Keynote & Tutorial
Keynote: Thursday, August 14, 1:45 - 3:45 pm, Room TBA
Tutorial: Thursday, August 14, 4:15 - 6:00 pm, Room TBA
Uncovering algorithms of visual cognition with multilevel computational theories
Ilker Yildirim1, Mario Belledonne1, Wenyan Bi1; 1Yale University
Abstract
There lies a great distance between the incoming sensory inputs and the percepts and thoughts we experience about the world, including rich representations of objects, places, agents, and events. What are the formats of these representations? How are they inferred from sensory inputs? And how do they support the rest of cognition, including reasoning and decision-making? This K&T will introduce a reverse-engineering framework to address these questions: Multilevel Computational Theories (MCTs). At the core, MCTs hypothesize that the brain builds and manipulates ‘world models’ — i.e., structure-preserving, behaviorally efficacious representations of the physical world. By leveraging advancements in probabilistic computing, computer graphics, dynamical systems, and machine learning, MCTs offer sophisticated, richly testable algorithmic formulations of visual cognition, thus penetrating neural and psychological phenomena. For pedagogical reasons, the talk and the tutorial will center around a case study of modeling the visual perception of physical scenes. The talk will present a computational model of soft object perception as probabilistic inference over a simulation-based generative model of “soft-body dynamics”. The model takes as input cloth animations, computes a posterior distribution over the physical properties of the cloth (stiffness, mass) and the scene (e.g., wind), and makes a decision by matching cloths over an individual physical property. With these components, the model explains human visual processing across both psychophysical and fMRI experiments. The tutorial will cover the core components of this model in a simpler physical domain, introducing the audience to the toolkit necessary to implement such a model — probabilistic programming and physics-engine-based generative models.
Tutorial Outline
This tutorial will introduce a reverse-engineering approach, Multilevel Computational Theories (MCTs), to the CCN community, broadening the modeling toolbox beyond the more common deep learning approaches. The tutorial will have a pedagogical focus on the domain of the visual perception of physical scenes.
This tutorial will be most useful to researchers interested in building computational models; even though our focus will be on perception and visual cognition, MCTs have broader applicability beyond these domains. Instances of MCTs can make contact with quantitative psychophysics as well as neuroscience experiments (as the talk will demonstrate). Therefore, audience members using both behavioral and neural approaches will benefit from the tutorial. The most closely relevant technical background for the specific model we will cover is familiarity with Bayesian inference and programming experience in Julia or Python.
The flow of the tutorial will be as follows.
- Introduce the probabilistic programming package Gen with a toy inference problem. This will include coding a simple generative model, introducing the key data structure “trace” of Gen, and a simple inference procedure.
- Introduce the PhysGen package, which provides an interface for safely implementing simulation-based generative models in Gen.
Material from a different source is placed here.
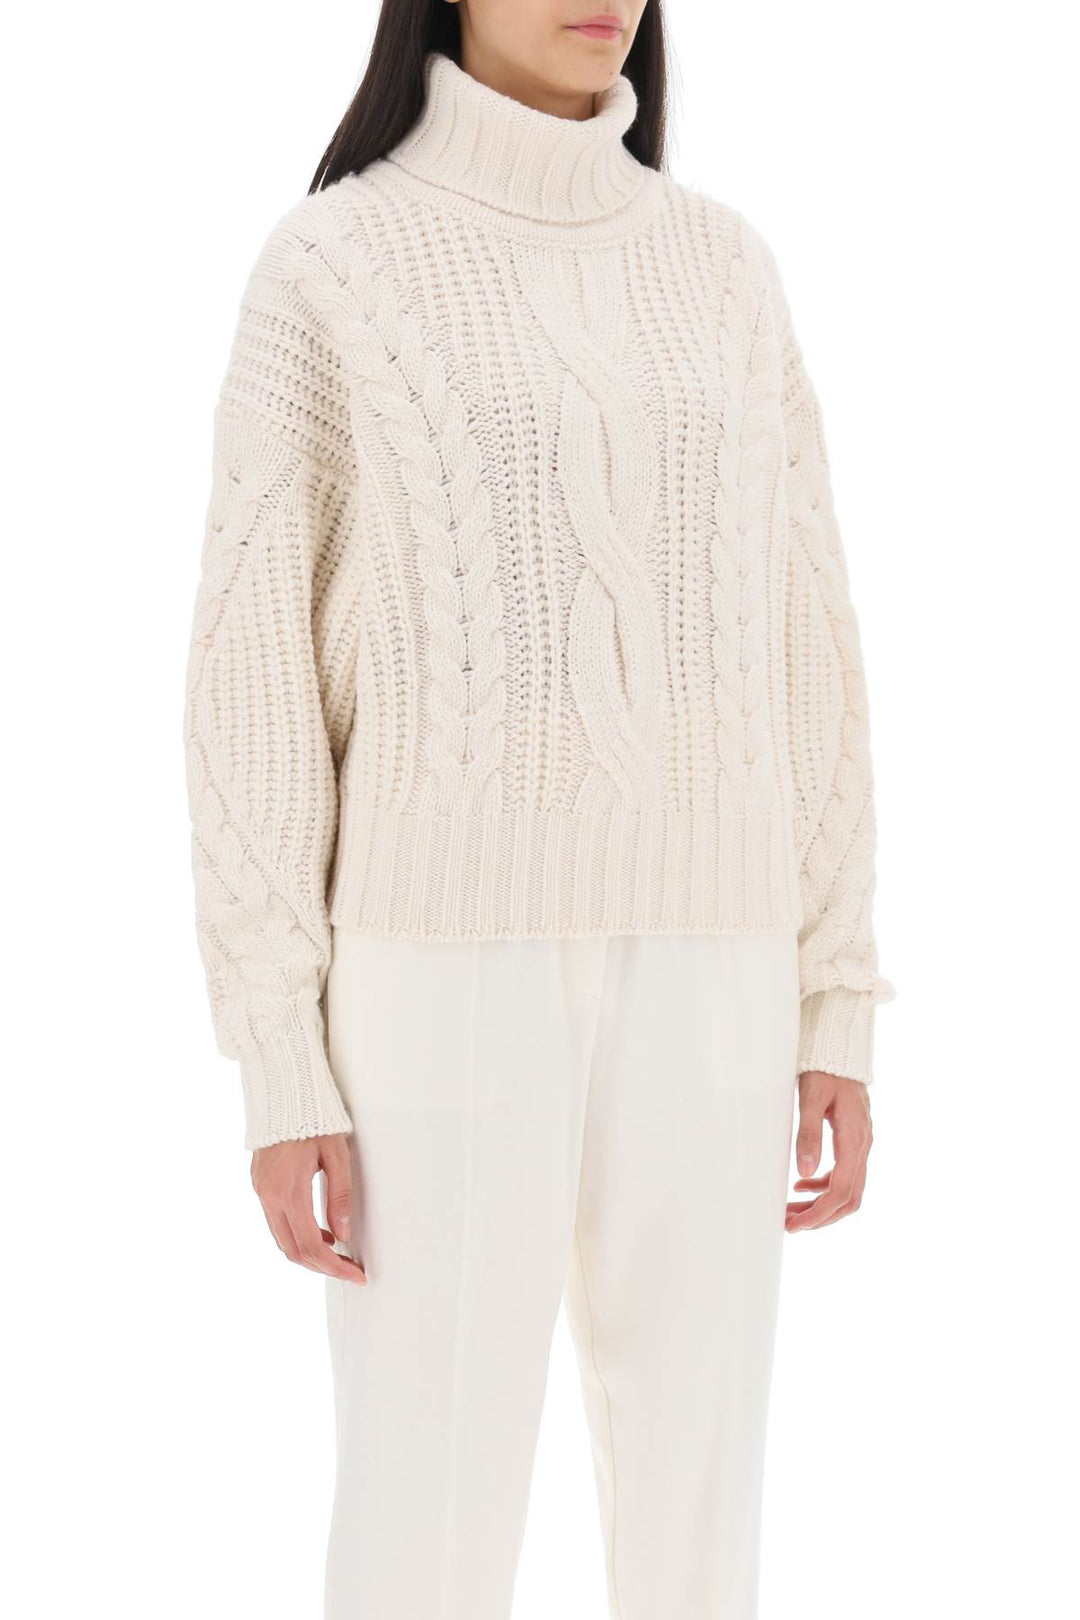 Mvp Wardrobe Visconti Cable Knit Sweater   Bianco

- Implement a world model using the PhysGen: a simulation-based generative model of a ball bouncing on a surface. This generative model involves prior distributions over physical variables such as elasticity and mass, and the initial position and velocity of the ball.
- Implement an approximate Bayesian inference procedure to condition this world model on sensory inputs using the particle filtering algorithm. This algorithm approximates a posterior distribution — i.e., a perceived world model.
- Implement a decision-making module that transforms the perceived world model into a decision in a 2AFC match-to-sample task.
The tutorial will be implemented using Jupyter notebooks and Google Colab. A current implementation can be found here: https://github.com/CNCLgithub/Algorithms-of-the-Mind/blob/main/labs/lab-06/bouncing-balls.ipynb. We will ensure that the tutorial is self-contained and the material is broadly accessible, providing any necessary background accordingly.